Yes and no. If the RF versions are identical but actually remove the option of rear filters in the adapter then they aren't better. Canon could weld an adapter on it and call it a RF lens of course!


----------



## Chaitanya (Mar 8, 2022)

robotfist said:


> Canon desperately needs a solid prime lens lineup in L glass. Currently they have a massive gap at the wide end. The 50mm f1.2, 85mm f1.2 and 100mm f2.8 IS Macro are the only L primes available. Where is the 14, 24, and 35?


That RF 100mm L is not a good lens with its focus shift "feature" and its better to get EF 100mm L or Venus Laowa 100mm Macro.


----------



## LogicExtremist (Mar 8, 2022)

bergstrom said:


> and all unaffordable, so why bother. Where the %^$k is sigma, Tokina and Tamron with their RF lenses.

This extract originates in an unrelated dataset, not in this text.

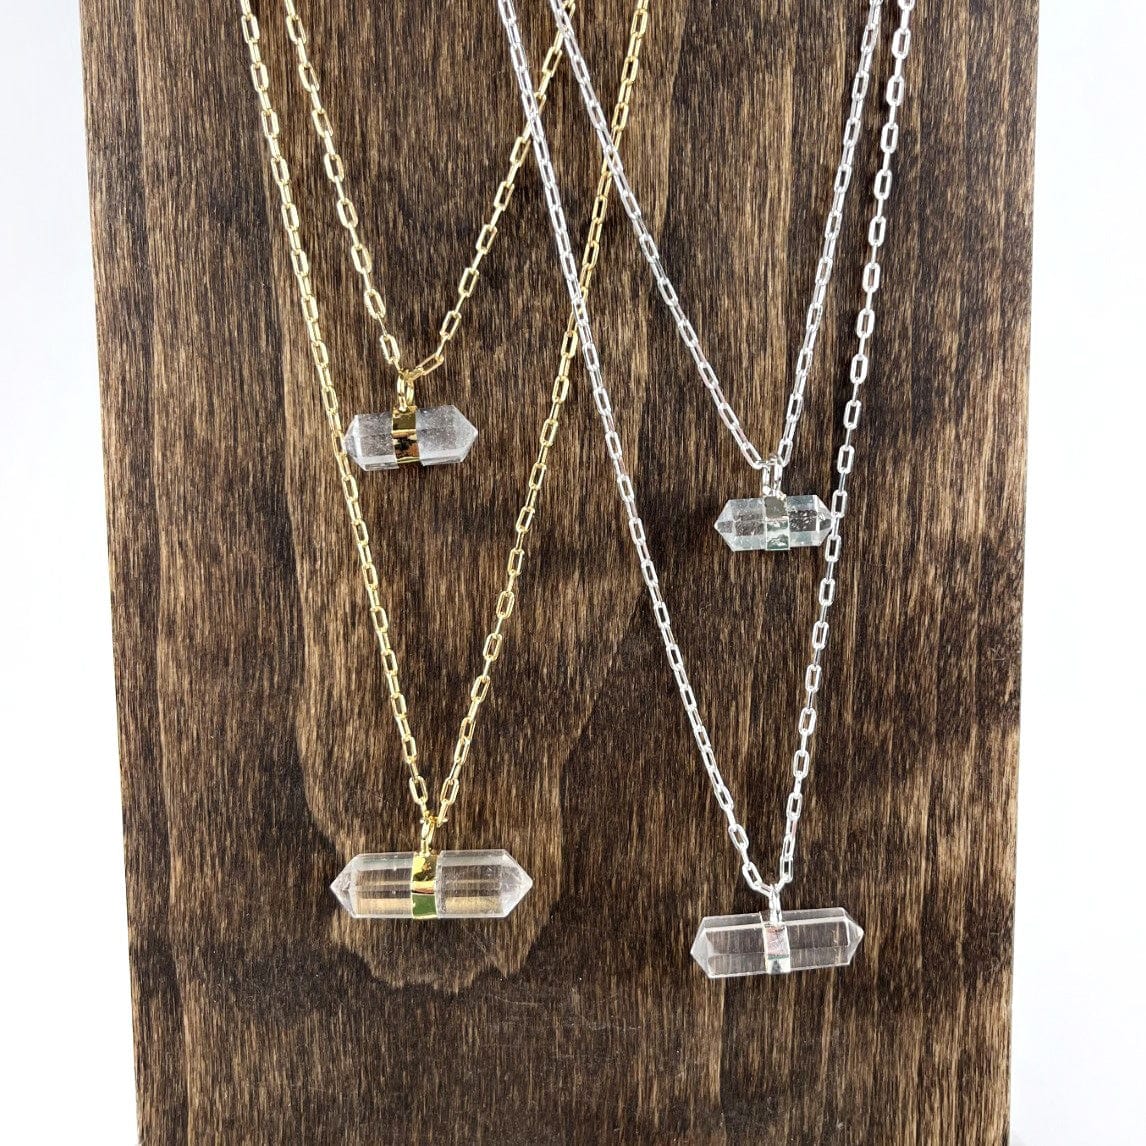 Crystal Point Necklaces in gold and silver

Sigma, Tokina and Tamron and all third parties are laying low after legal threats from Canon, who obviously don't like the idea of buyers having a choice and having to compete for lens sales with other manufacturers. The benevolent masters at Canon have profoundly decreed you can either have extremely expensive L series lenses, or low end budget lenses that are still quite overpriced over their EF counterparts, and that's it, (but now they''re promising more goodies...)


----------



## Chaitanya (Mar 8, 2022)

LogicExtremist said:


> Sigma, Tokina and Tamron and all third parties are laying low after legal threats from Canon, who obviously don't like the idea of buyers having a choice and having to compete for lens sales with other manufacturers. The benevolent masters at Canon have profoundly decreed you can either have extremely expensive L series lenses, or low end budget lenses that are still quite overpriced over their EF counterparts, and that's it, (but now they''re promising more goodies...)

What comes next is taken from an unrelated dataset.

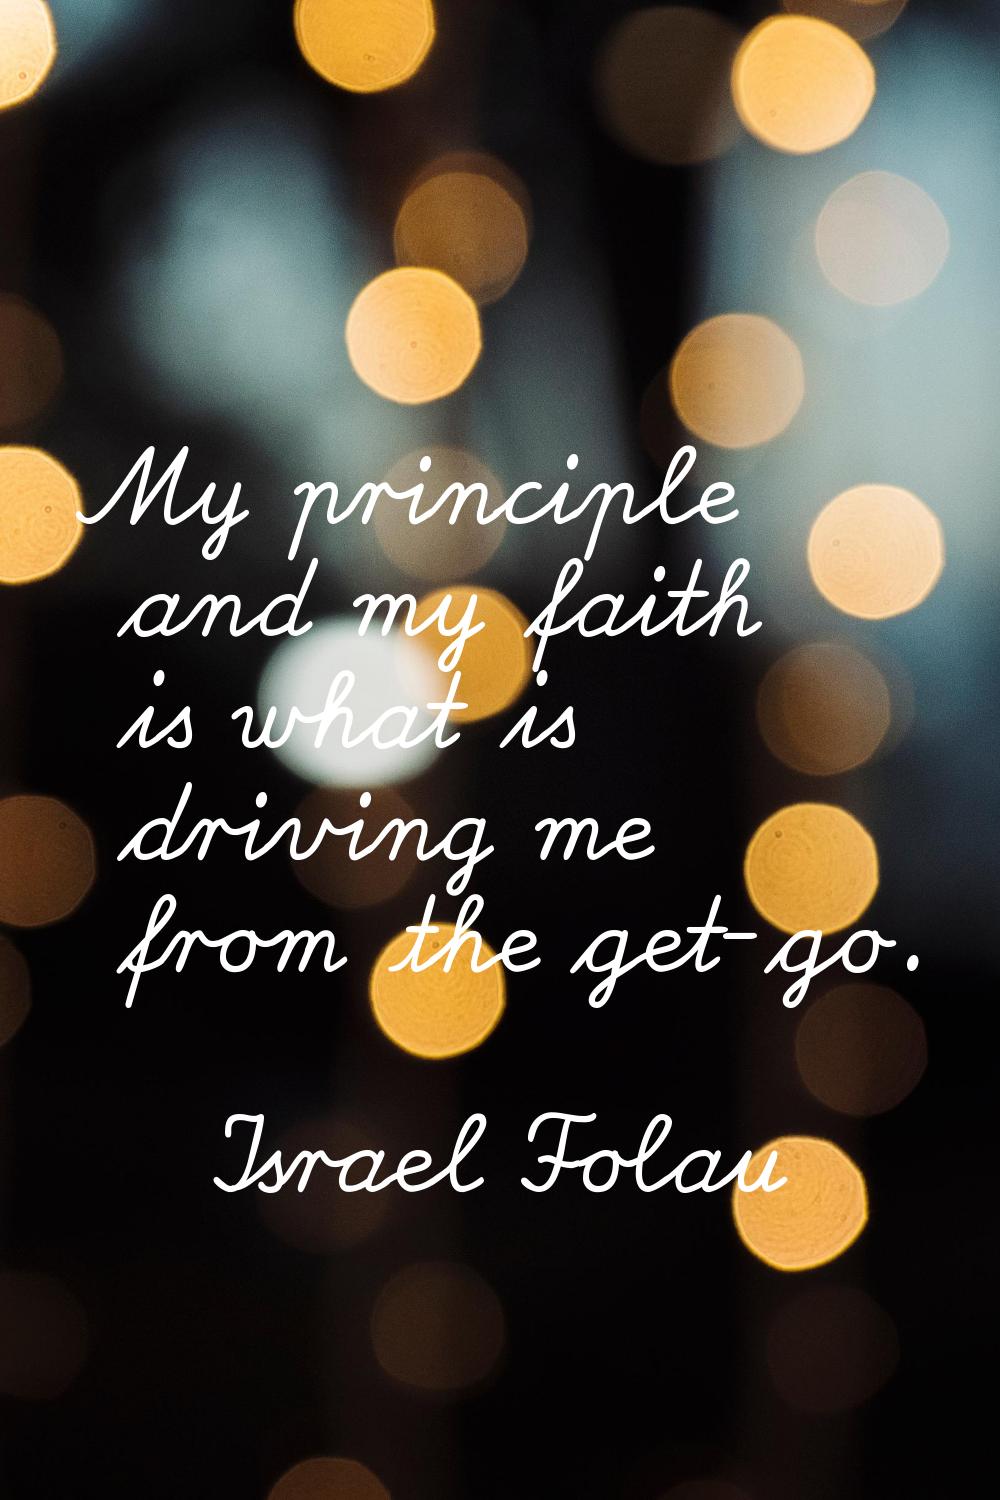 My principle and my faith is what is driving me from the get-go.

I think you mean Nikon as it was Nikon who had won lawsuit against Sigma and due to patent conflicts Sigma didnt release their 70mm Art Macro for F mount. Also with L and E mounts all these manufacturers have to do is pay for license fee and not spend money and time in reverse engineering protocols which is significantly cheaper.









Nikon Sues Sigma for $150 Million Over Vibration Reduction Technology


Things aren't going very well for Sigma these days -- just days after the world balked at the $9,700 price tag it's attaching to the upcoming SD1 DSLR,




petapixel.com













Nikon Wins 1.5 Billion Yen in Lawsuit Against Sigma Over VR Patent Infringment


Seems like every week there is some new lawsuit being levied or being won with regards to the photo industry. This week, we have the results of a lawsuit that we first told you about just over a year ago in which Nikon was suing Sigma over its VR technology.




www.slrlounge.com


----------



## LogicExtremist (Mar 8, 2022)

Interesting promise, 32 lenses in 4 years, or a lens every 45 days... Based on what we've seen, the long marketing hype lead-up periods, then the weeks to months of delays in stock availability, I kind of doubt Canon can deliver that if they operate the way they have been.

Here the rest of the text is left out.